Published online by Cambridge University Press:  19 August 2008

A. A. Schmaltz*
Affiliation:
Department ofPaediatric Cardiology, Children's Hospital, and Department of Obstetrics and Gynaecology, University Hospital Essen, Germany
U. Neudorf
Affiliation:
Department ofPaediatric Cardiology, Children's Hospital, and Department of Obstetrics and Gynaecology, University Hospital Essen, Germany
U. H. Winkler
Affiliation:
Department ofPaediatric Cardiology, Children's Hospital, and Department of Obstetrics and Gynaecology, University Hospital Essen, Germany
*
Prof. Dr. A. A. Schmaltz, Dept. of Paediatric Cardiology, University Children's Hospital, Hufelandstr. 55, D-45122 ESSE, Germany. Tel: 201–723–2452; Fax: 201–723–5743

Abstract

Improvements in diagnosis and surgical technique for correction have led to an increasing number of women with congenital heart disease reaching the child-bearing age. Pregnancy places considerable strain on the heart and circulation and necessitates marked cardiorespiratory adaptation. Today, with the exception of the Eisenmenger syndrome, there is no increased mortality associated with pregnancy in congenital heart disease. In contrast, there is still considerable morbidity, due to congestive heart failure, thromboembolic complications and disturbances of rhythm.

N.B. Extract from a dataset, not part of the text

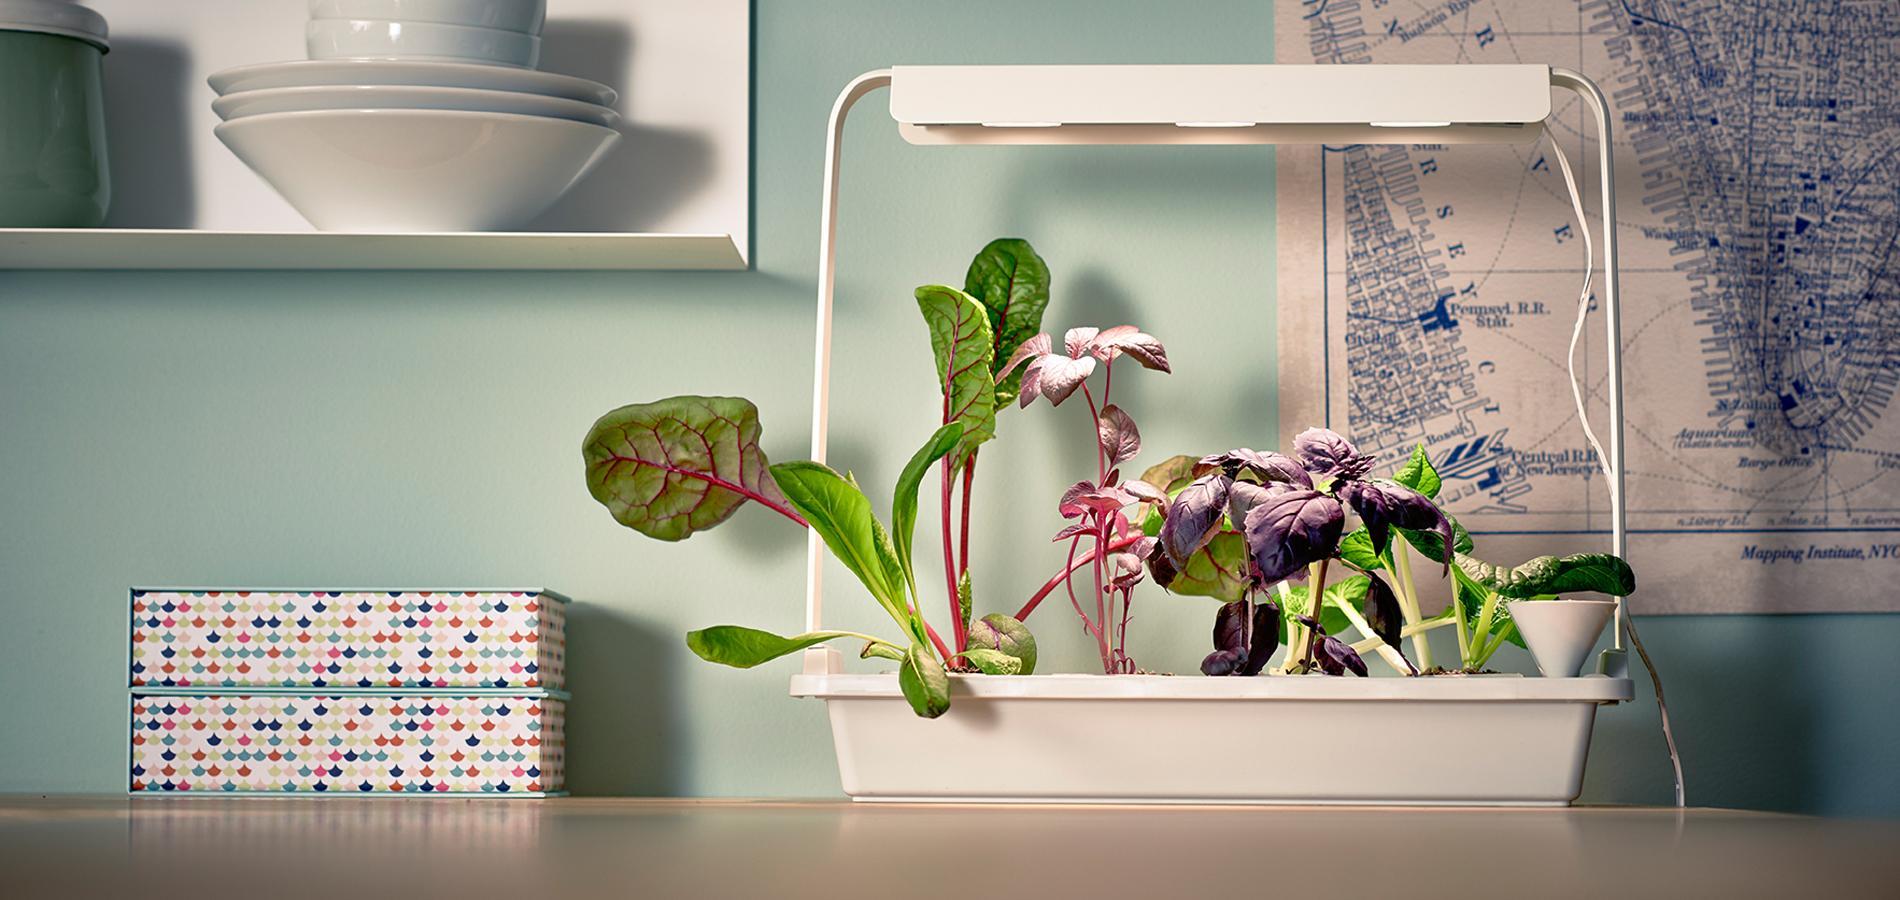 cr er un potager dans sa cuisine le nouveau plaisir en. Black Bedroom Furniture Sets. Home Design Ideas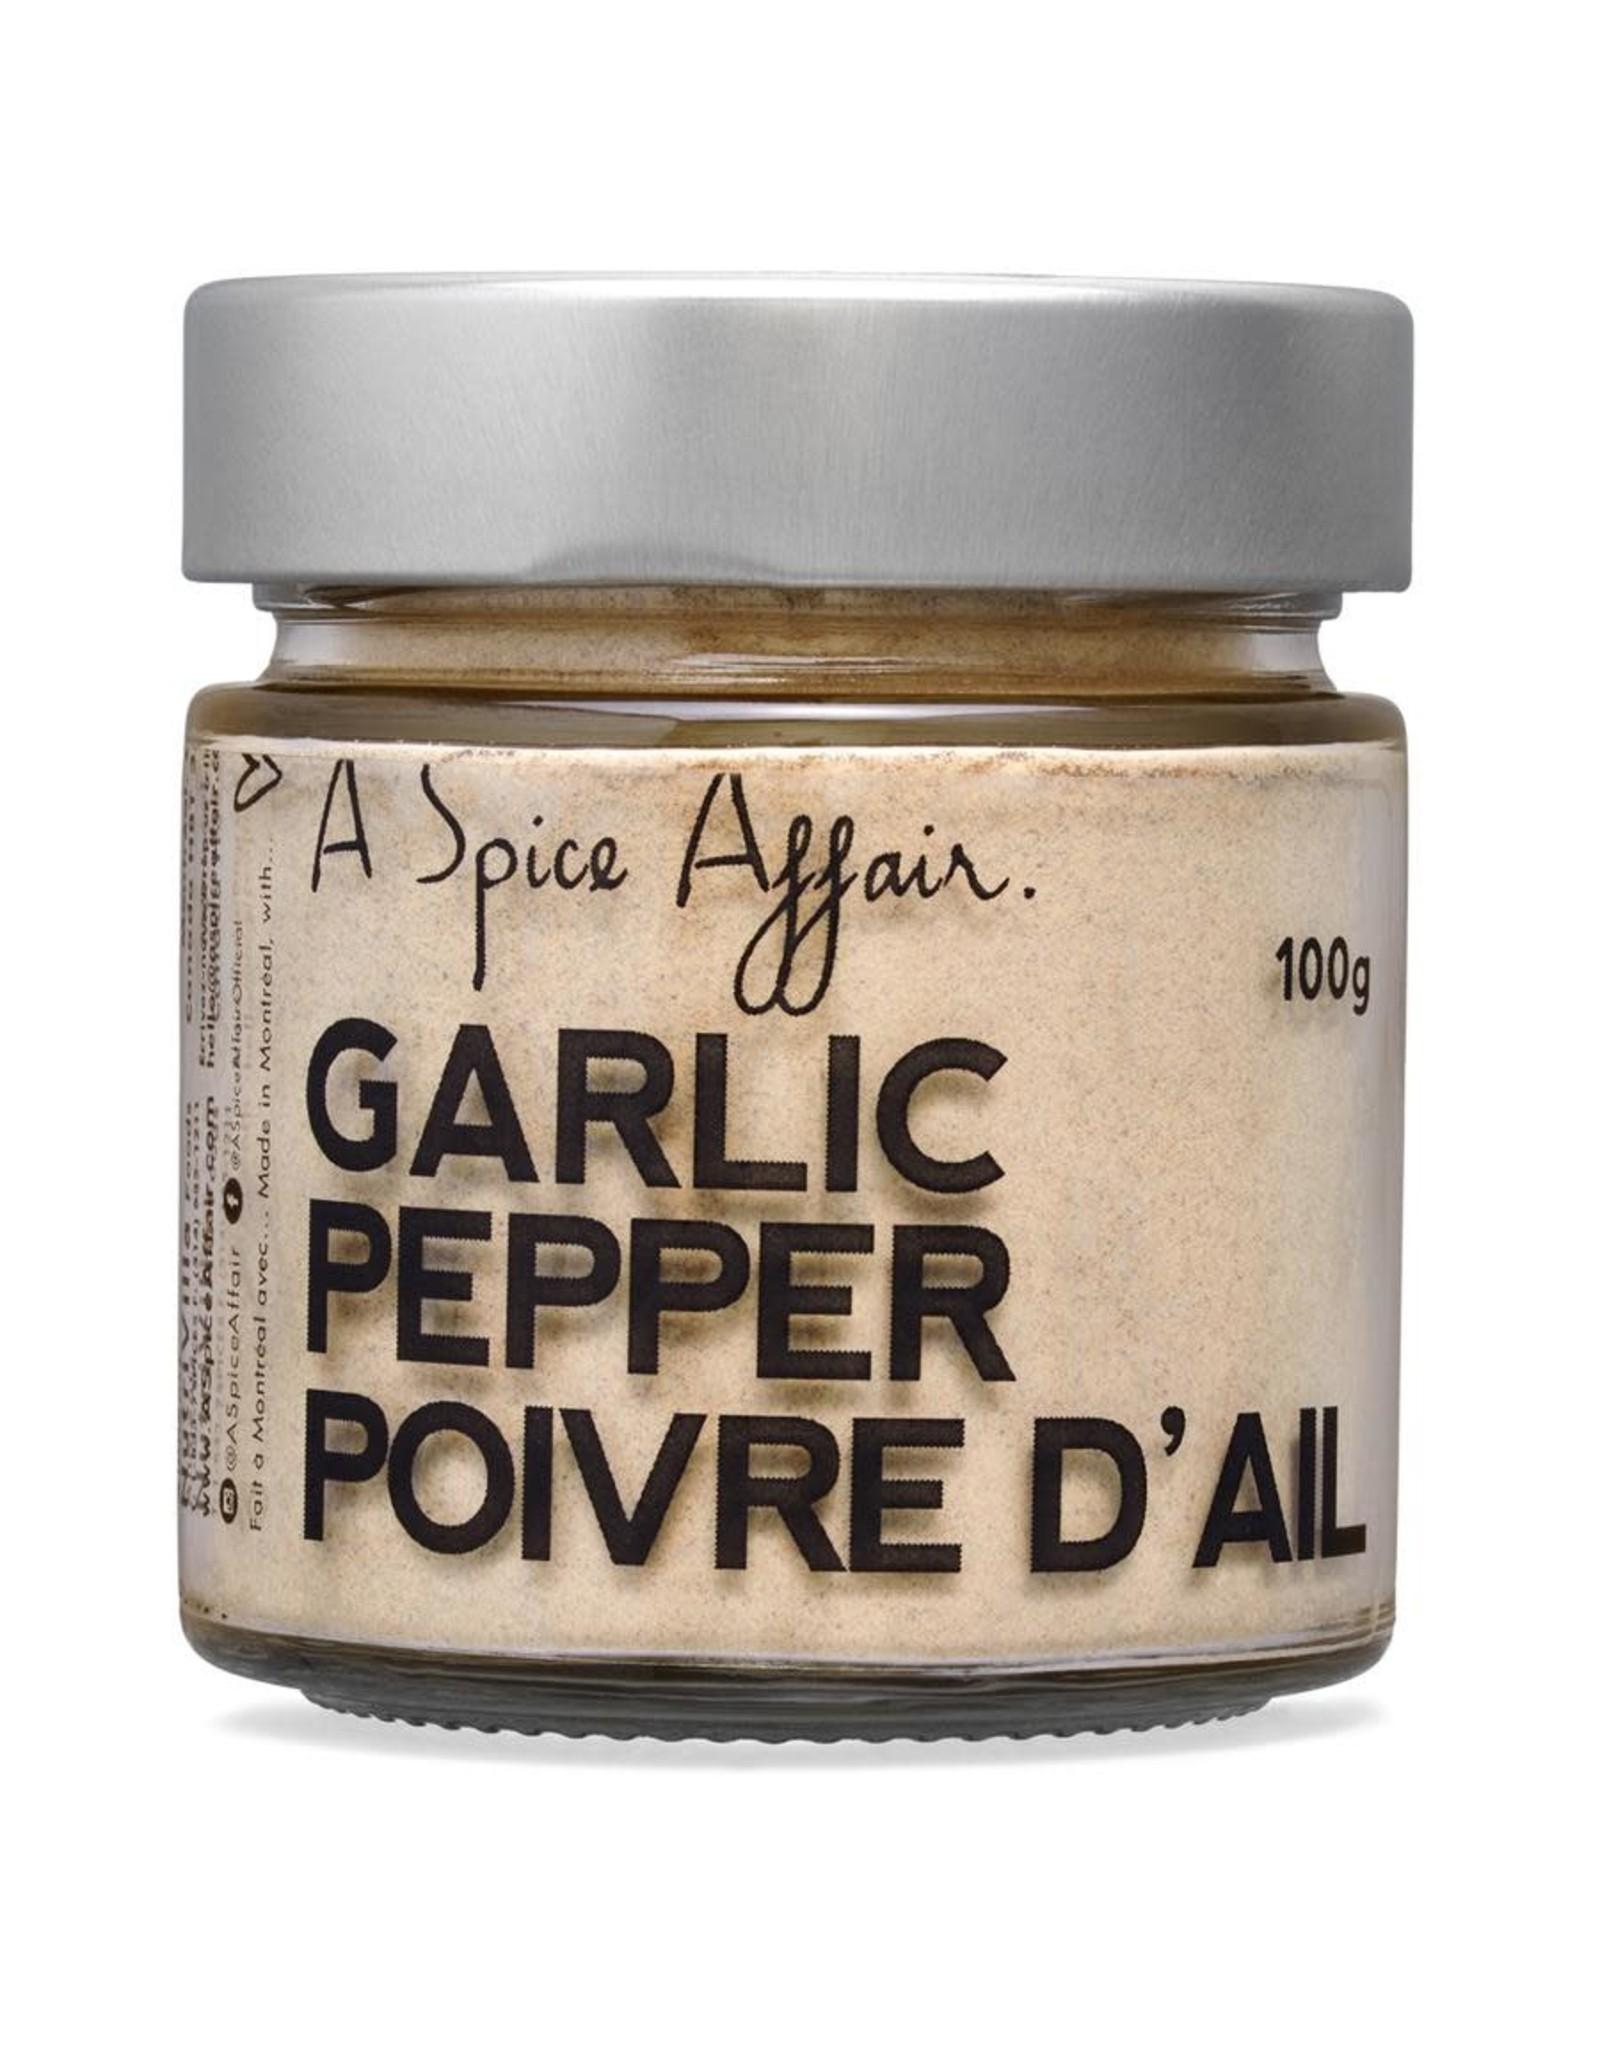 A Spice Affair Garlic Pepper

Fetal outcome is complicated by a high rate of spontaneous abortions (20–25%), retardation of fetal growth, and premature delivery (almost 100% in cyanotic mothers). Based on an extensive review of the literature, we discuss the specific risks in pregnancy depending on the hemodynamic situations produced by different heart defects. We also discuss the risks and advantages of different regimens for anticoagulation.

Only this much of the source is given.